National Museum of Photography
- Established: 1996
- Location: Copenhagen, Denmark
- Collection size: 100,000
- Founder: Sigfred Løvstad
- Executive director: Henrik Andersen
- Patron: Prince Joachim (2000-2018)
- Director: Keld Nielsen

= National Museum of Photography (Denmark) =

Museum in Copenhagen

The National Museum of Photography (Nationale Fotomuseum) is a photography museum in Denmark that was located in the Black Diamond, a modern waterfront extension to the Royal Danish Library in Copenhagen, until 2017 whereafter it closed due to funding shortages.

==History==
The National Museum of Photography, founded in 1996, moved into its current premises when the Black Diamond was completed in 1999. However, the museum is based on the Royal Library's collections.

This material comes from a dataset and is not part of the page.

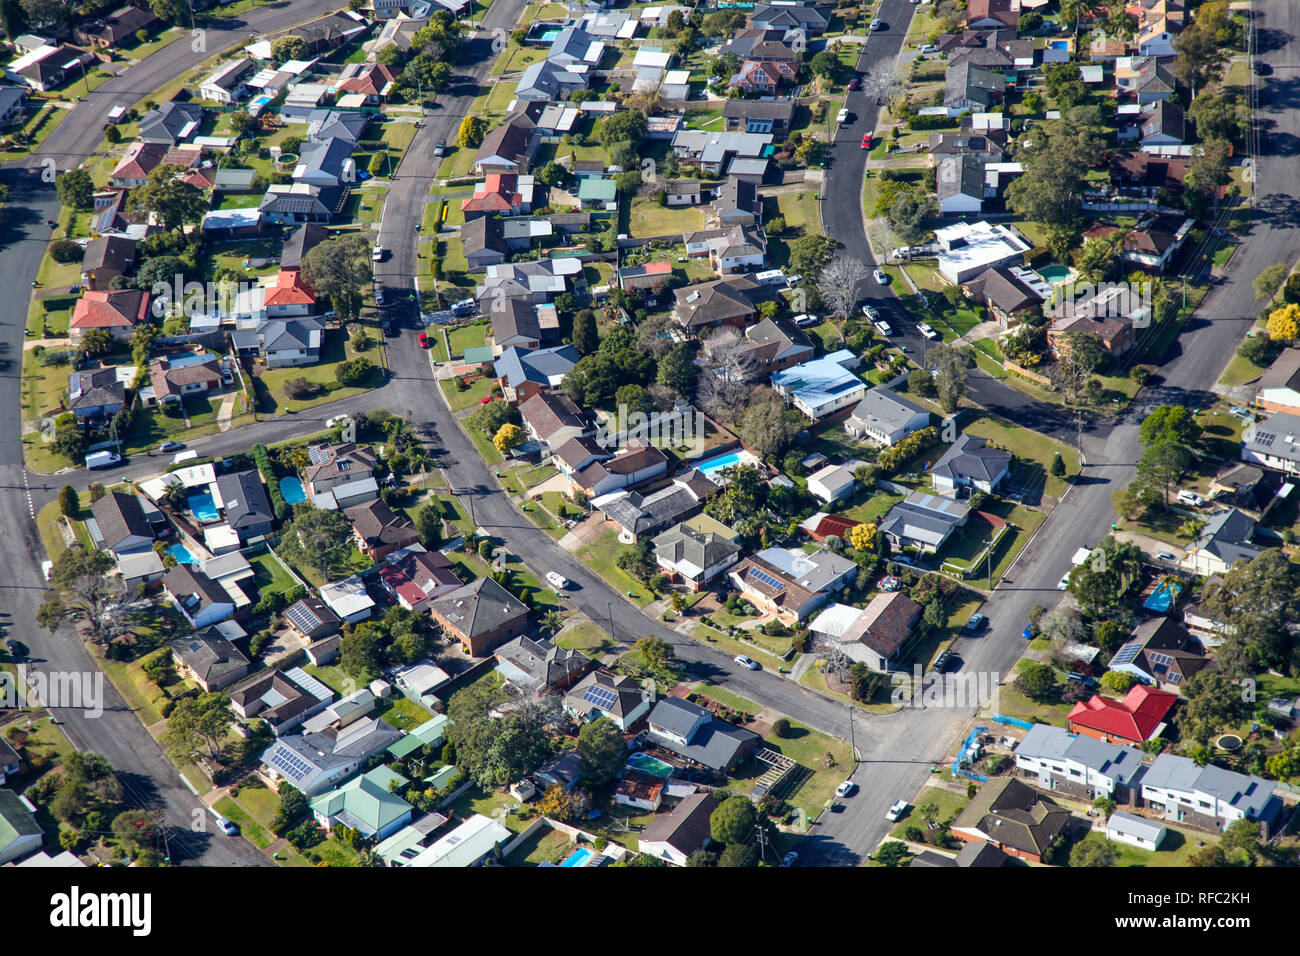 Eine Luftaufnahme von Vorort in Newcastle, NSW, Australien. Zeigt eine typische Australische Wohngebiet. Stockfoto

Since the invention of photography in 1839, photographs have been included in The Royal Library's collections. The first items in the collection were photographs pasted into printed books. Later a collection of individual photographs emerged through donations and acquisitions. In 1902, the collection was incorporated into the then newly established Department of Maps and Pictures. From the beginning of the 1950s, efforts to build a comprehensive photographic collection were intensified and the collection grew tremendously under the direction of Bjørn Ochner, Denmark's first photo-historian. Today the Royal Library's collection contains around 18 million photographs.

Photographs which are either of special historic or artistic importance now form the basis of the museum.

==Collections==
The museum's collections, consisting of around 100,000 photographs, cover Danish and international photography from its invention in 1839 to the present day. Pioneering photography from the 19th century is particularly well represented. The collection of daguerreotypes is the largest in Scandinavia.

==Exhibitions==
The museum's exhibitions are generally based on its collection which is frequently supplemented with loans from artists or other institutions. Exhibitions can be based on a theme, a genre, a place, a specific photographer or else aspects of the collection are highlighted via loans from artists or institutions at home and abroad.